王席穿越過來已經是第三天了,總算是勉強在強烈的震驚恐懼中平複下來。
這不怪他,畢竟讓一個接受多年教育的人突然遇到穿越這種事,誰都會惶恐不安,所以,求神拜佛是必然的反應。
王席一邊喝著蓮子粥,一邊尋找原主腦子裡的有用信息。
原主名叫王志,今年剛十歲,是王家旁系的一支,從小父母雙亡,照顧自己長大的奶奶也在三年前去世了,在這個大家族裡算是舉目無親了。
可看著屋內豪華的裝飾,眼前精美的菜肴,再看看院中別有情趣的園林,
怎麽看都不是這種身份該享有的。
原主年紀尚小,沒什麽深沉的心思,聽了大管家親切熱情的交代,就搬來了。
剛搬來的當晚,就被王席穿越而來取代。
“奇怪,別人不都是在原主死亡後取而代之嗎,怎麽我一點原主死亡的記憶都沒有?
就好像是睡了一覺,醒來就變成我了。”
“不想了,什麽有用的信息都沒有,淨瞎耽誤功夫。”
草草吃過早飯,看著正在收拾餐具的下人,王志整理了一下衣襟,走出房門。
清晨的陽光照在院中的樹枝上,格外的燦爛,雖是夏季,但卻毫無暑意。
走在庭院裡,除了這具小了很多的身體有些心理上的不太適應,其他也沒什麽特別的感受。
庭院裡亭台樓閣,各色花卉綠植,一應俱全,賞心悅目的同時也讓王志認定這其中一定有鬼。
出了幽靜的琴鶴別院,門口不出意外的也有人站著。
吩咐他們帶自己去大管家住處後,王志跟著仆從一路向南,直奔管家住處。
這位大管家十分了得,在王家非同一般。
大管家姓周,雖不姓王,但卻是王家前任與現任家主的得力助手,深得家主信任,整個王家的內務都是他在操持著,
身份地位比一般的旁系王家子弟還要尊貴。
不然,又怎麽會在這偌大的王家有一所自己的院子呢。
到了大管家門前,正好碰到了剛回來的大管家,
還沒等王志開口,這位頗有年紀的老管家就發現了王志,當即快步跑到王志身前,滿臉笑容的謙恭道:
“王志少爺怎麽來了?別苑住得還舒服嗎,有什麽不合適的您盡管說,我馬上叫人去整改。”
王志沒有立即回話,坦白講,他是有些不適應的,因為在他的記憶裡大管家平時對外人是不太喜歡笑的,突然變成這副姿態,搞得王志措手不及。

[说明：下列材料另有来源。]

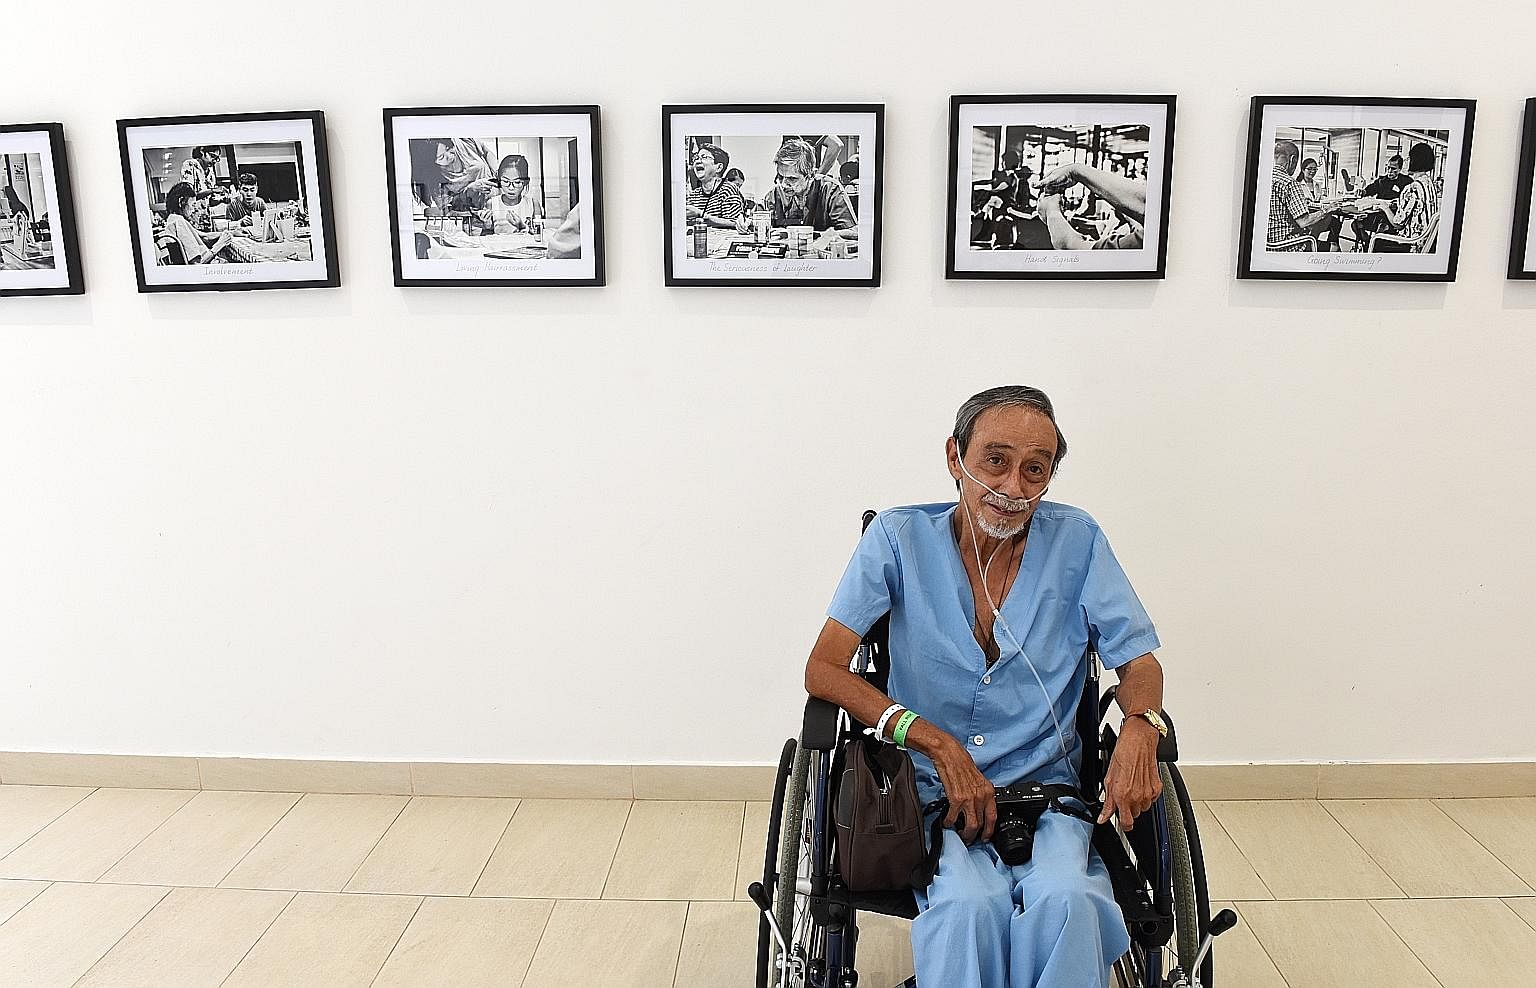 Mr Alan Lee, 69, suffers from end-stage chronic obstructive pulmonary disease, a progressive respiratory disease that causes breathing difficulties. He is spending his last days at the Assisi Hospice. His exhibition of 19 portraits of his fellow pati
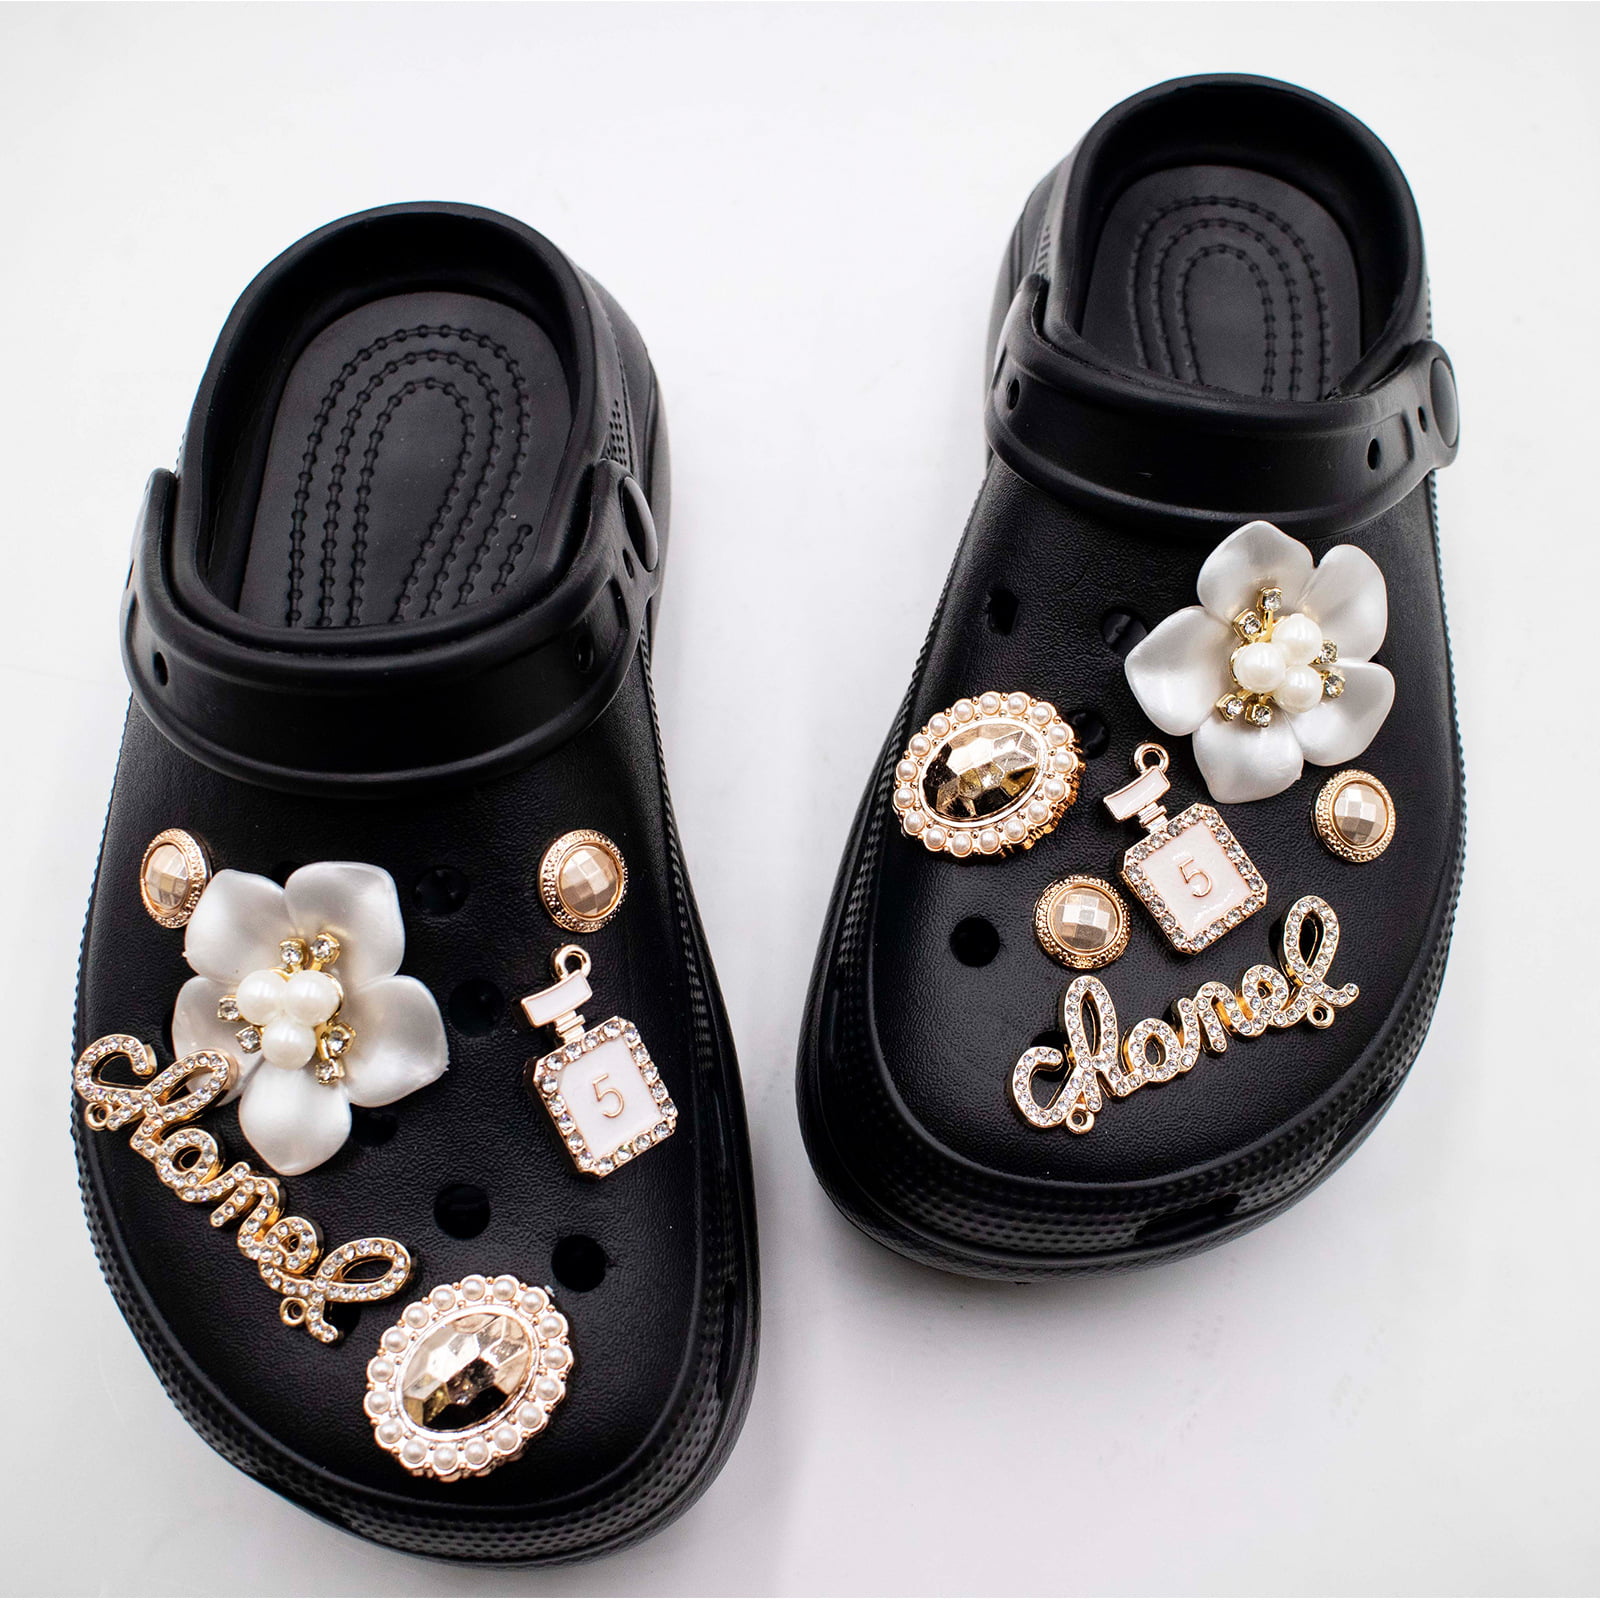 31 PCS Shoe Accessories Sandals Shoe Buckles Slippers Shoe Decoration Charms Faux Crystal Pearl Rhinestones Decorative Shoe Buckles Fashion Accessories for Hole Shoes Girls and Women Favorite Accessories Gift

“這老家夥也換靈魂了?怎麽和記憶裡對應不上?”王志不禁暗自腹誹。
“沒有沒有,一切都挺合適的,讓您費心了”王志回答道
“我這次來是想問一下,我來了已經有幾天了,什麽時候去學堂啊?”
王志問學堂是有自己的目的的,一些不好問的不好說的問題,問同齡人是最方便的,一些歷史文化問題,問老師是最有效的。
“怪我,怪我,一直在老爺那照應著接待上門的各家大人,忙過頭了,忘記提前告訴少爺您了。”
“下人已經在安排了,明天少爺就可以過去了,就在琴鶴別院不遠處,少爺想去的話我現在馬上帶您去看一下。”
“那就有勞您了”
“少爺太客氣了,有什麽需要您盡管吩咐就是。”大管家依舊是那副謙恭姿態。
管家帶著王志和他的仆從一前一後,不多時便來到了琴鶴別苑南邊幾百米遠的一座院子。
小院古樸典雅,給人清新脫俗之感。
王志剛剛去管家的路上就路過這兒,當時還多特意看了幾眼。
“趕巧了,今天學堂休息,所以沒什麽人,少爺可以進去隨便走走看看,熟悉一下環境。”
“老爺有規定,除了學子和先生,其他人不能隨意出入學堂,我在這等您,有什麽問題隨時叫我”大管家不緊不慢的說道。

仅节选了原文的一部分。